Exercise instructions — Line by line, repeat the material below exactly and skip the images.

Information provided —
>>>

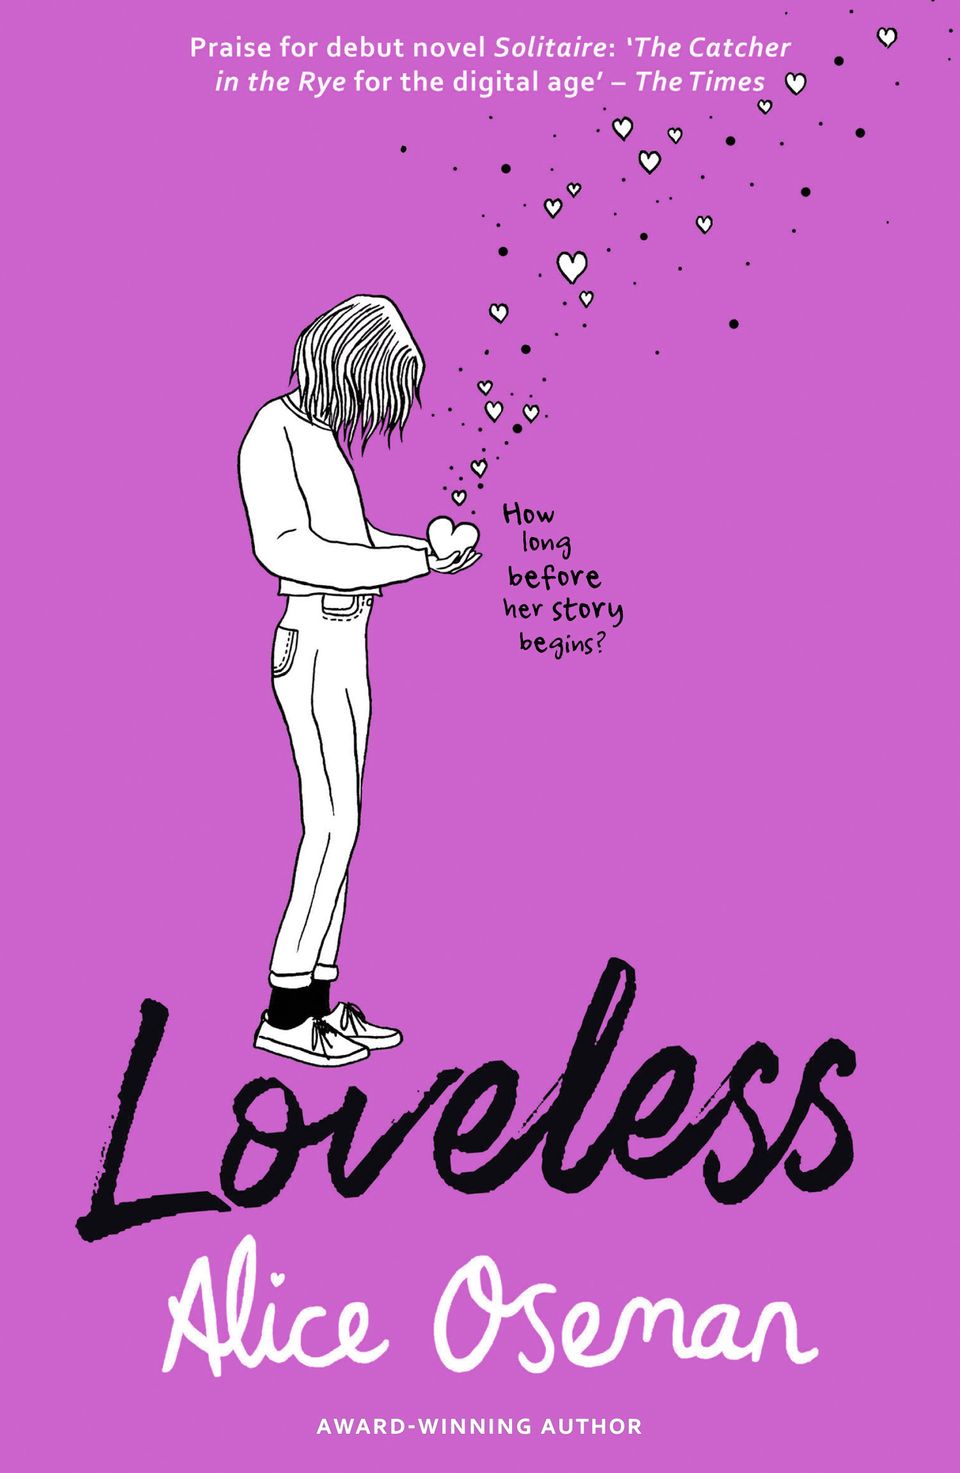 Loveless Alice Oseman Paperback
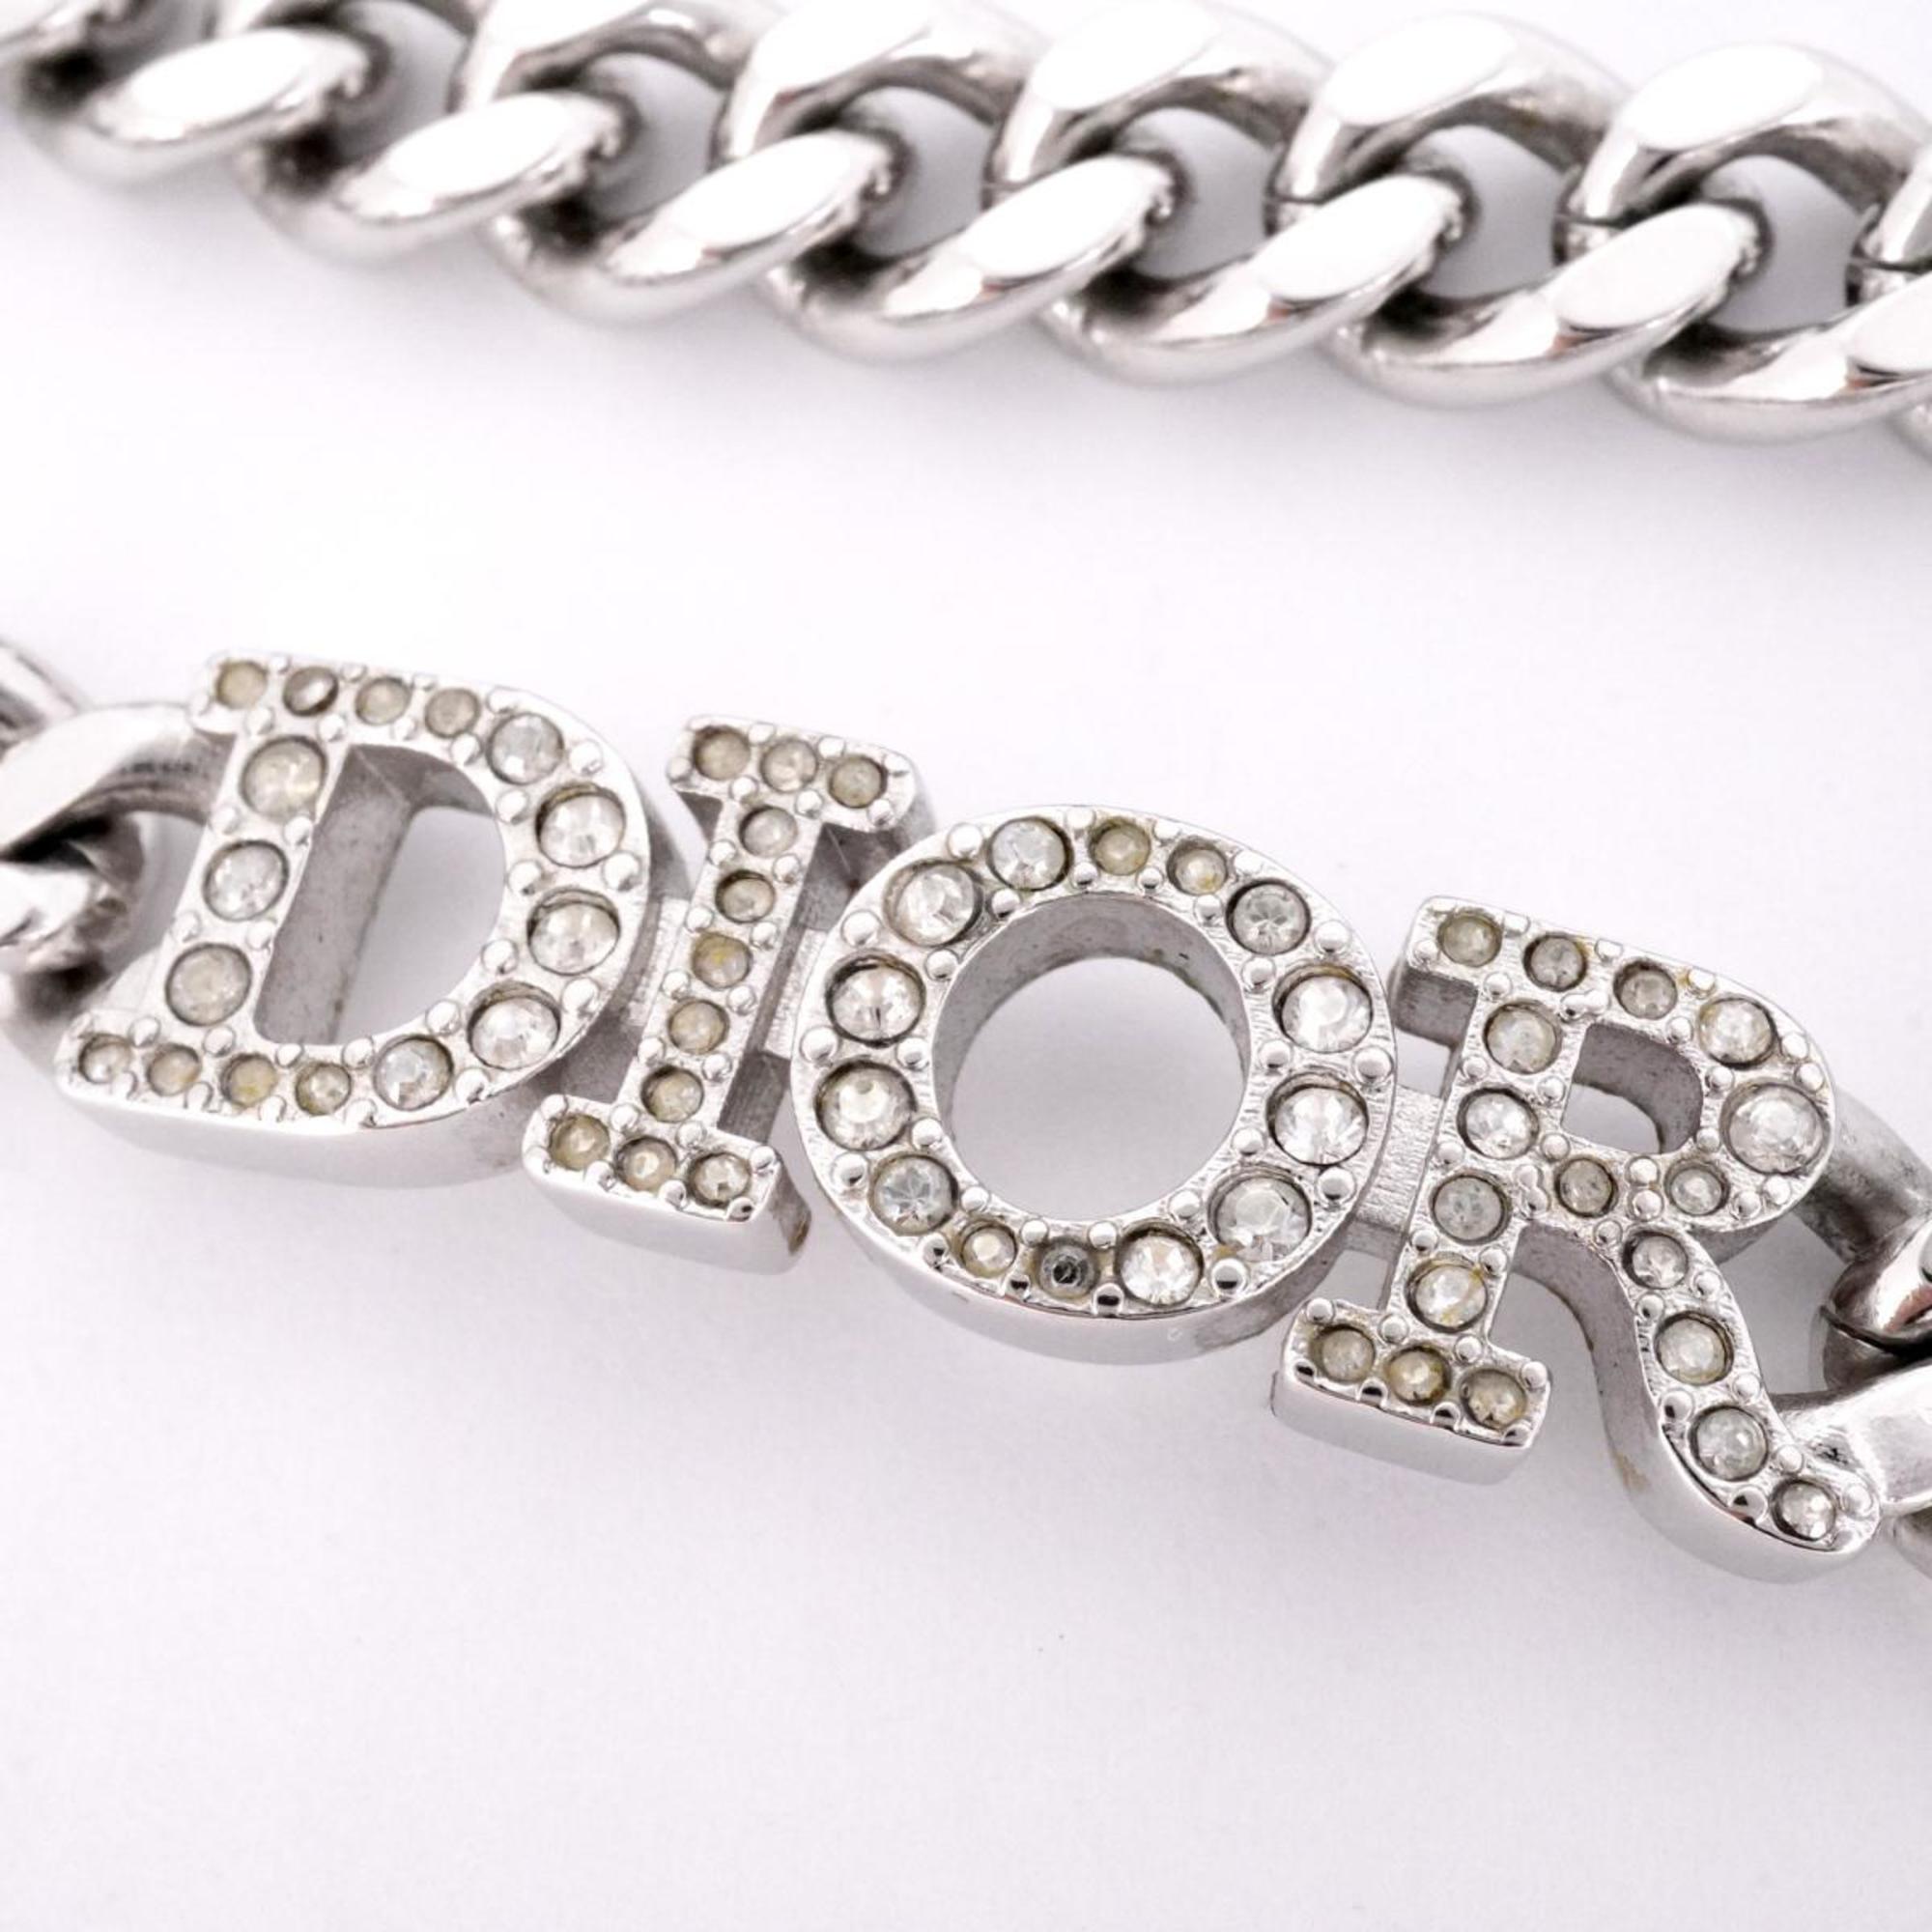 クリスチャン・ディオール(Christian Dior) クリスチャンディオール ネックレス ディオール ラインストーン メタル素材 シルバー  レディース
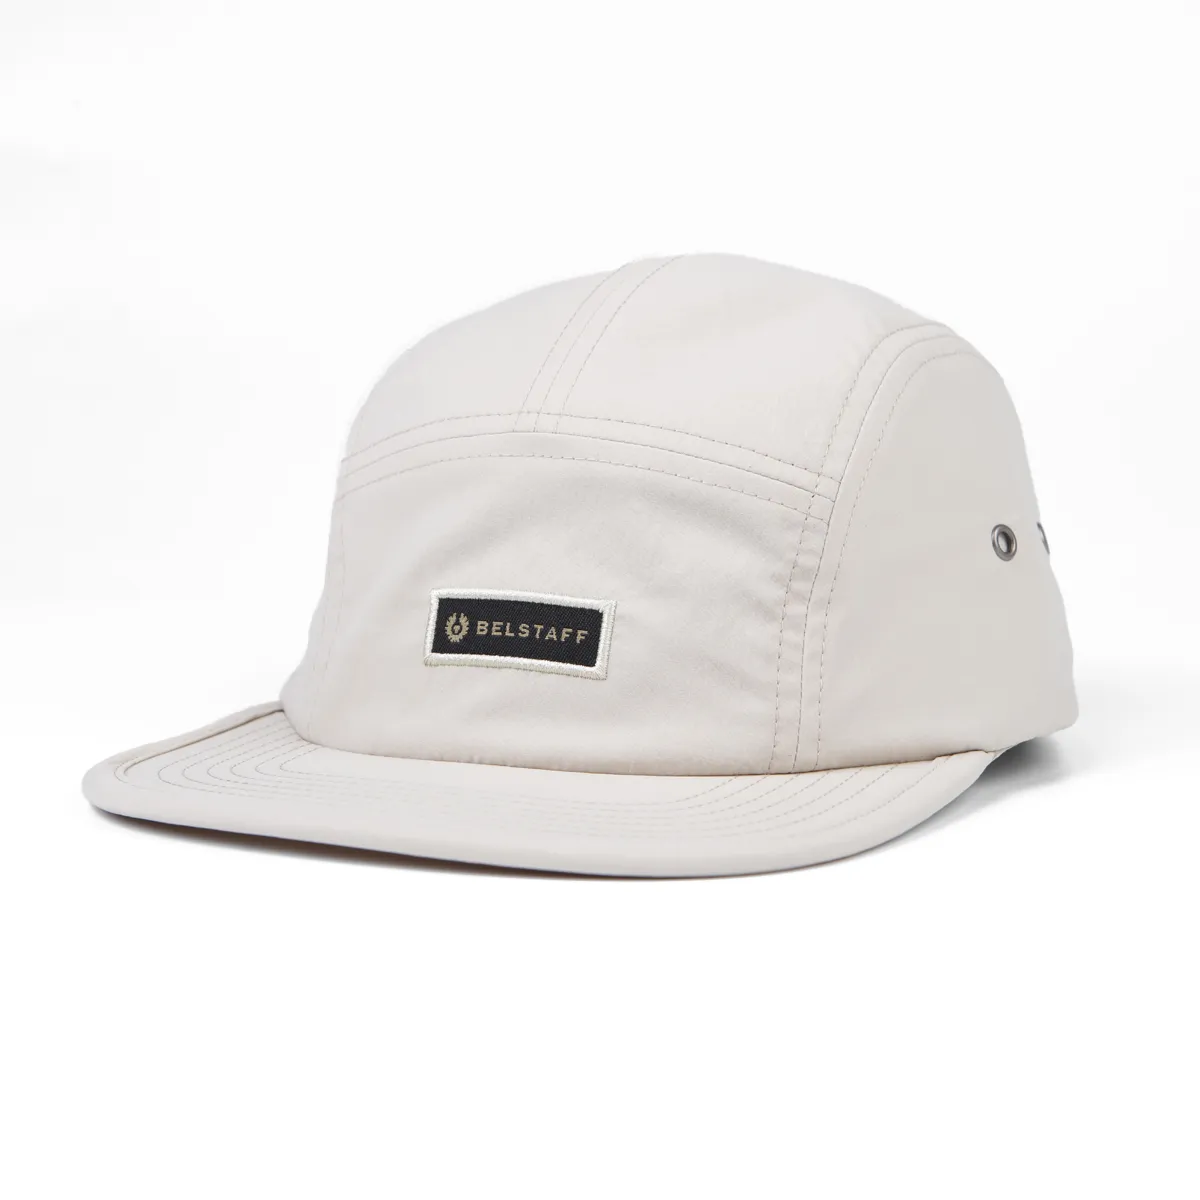 white camper cap

<<<

Solution to the problem —
 Loveless Alice Oseman Paperback
 クリスチャン・ディオール(Christian Dior) クリスチャンディオール ネックレス ディオール ラインストーン メタル素材 シルバー  レディース
 white camper cap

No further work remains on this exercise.